Description

The objective of this recommender system is to recommend music artists to users based on the previous music artists that the user often listened. The system uses collaborative filtering for recommendation. The number of time a user listened a particular artist is used as a rating (or proxy for rating).

Data

The dataset used in this system contains the number of time a user listened music from a particular artist. The dataset contains 92834 relations between 1892 users and 17632 artists.

Data source: https://grouplens.org/datasets/hetrec-2011/ (Last.FM)
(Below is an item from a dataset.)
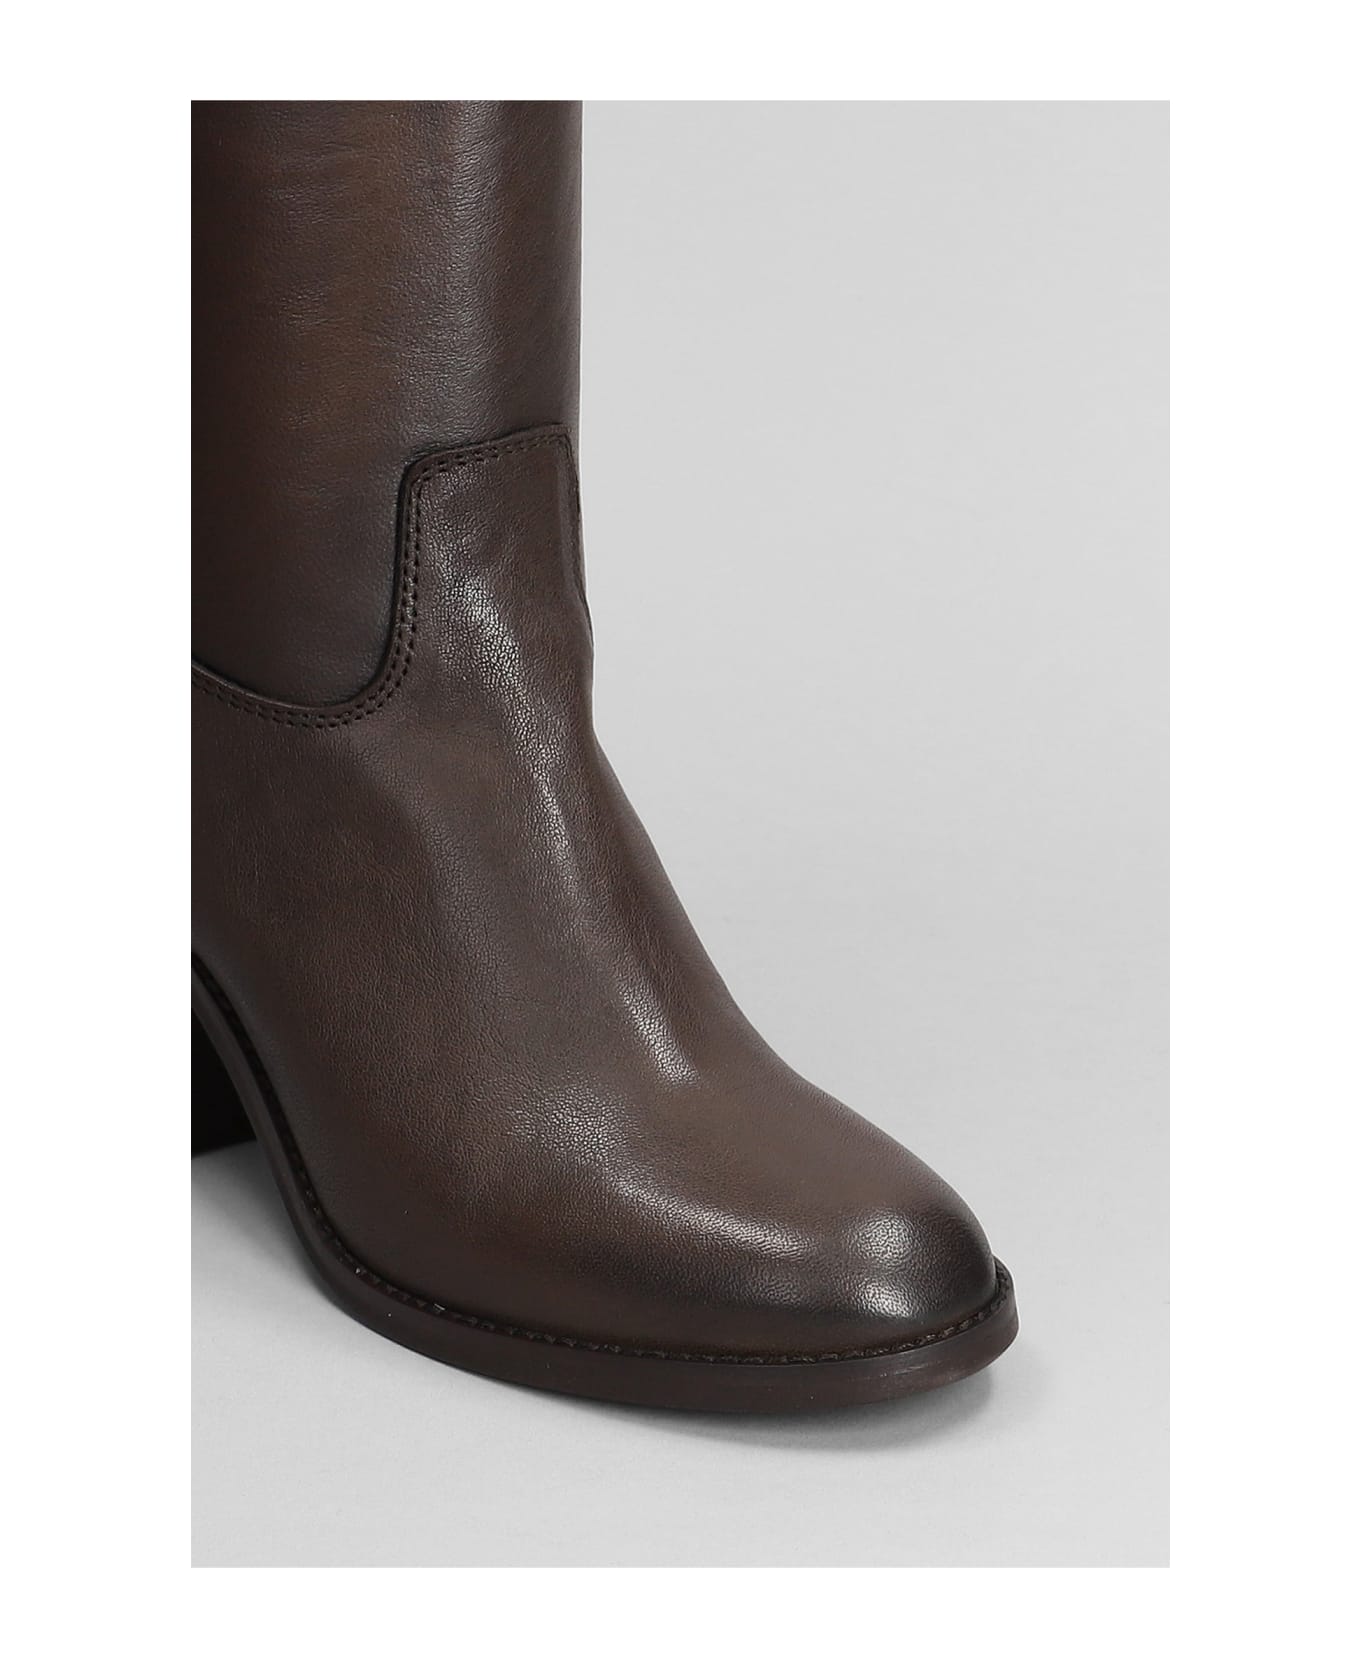 Julie Dee High Heels Boots In Dark Brown Leather - dark brown

For this demonstration of the recommender system only popular artists and users who has enough relations are used.

Load Data

#Read artist File
artists = read.table("artists.dat",sep="\t",fileEncoding = "UTF-8",stringsAsFactors = F,comment.char = "",quote="",header = T)
str(artists)
## 'data.frame':    17632 obs. of  4 variables:
##  $ id        : int  1 2 3 4 5 6 7 8 9 10 ...
##  $ name      : chr  "MALICE MIZER" "Diary of Dreams" "Carpathian Forest" "Moi dix Mois" ...
##  $ url       : chr  "http://www.last.fm/music/MALICE+MIZER" "http://www.last.fm/music/Diary+of+Dreams" "http://www.last.fm/music/Carpathian+Forest" "http://www.last.fm/music/Moi+dix+Mois" ...
##  $ pictureURL: chr  "http://userserve-ak.last.fm/serve/252/10808.jpg" "http://userserve-ak.last.fm/serve/252/3052066.jpg" "http://userserve-ak.last.fm/serve/252/40222717.jpg" "http://userserve-ak.last.fm/serve/252/54697835.png" ...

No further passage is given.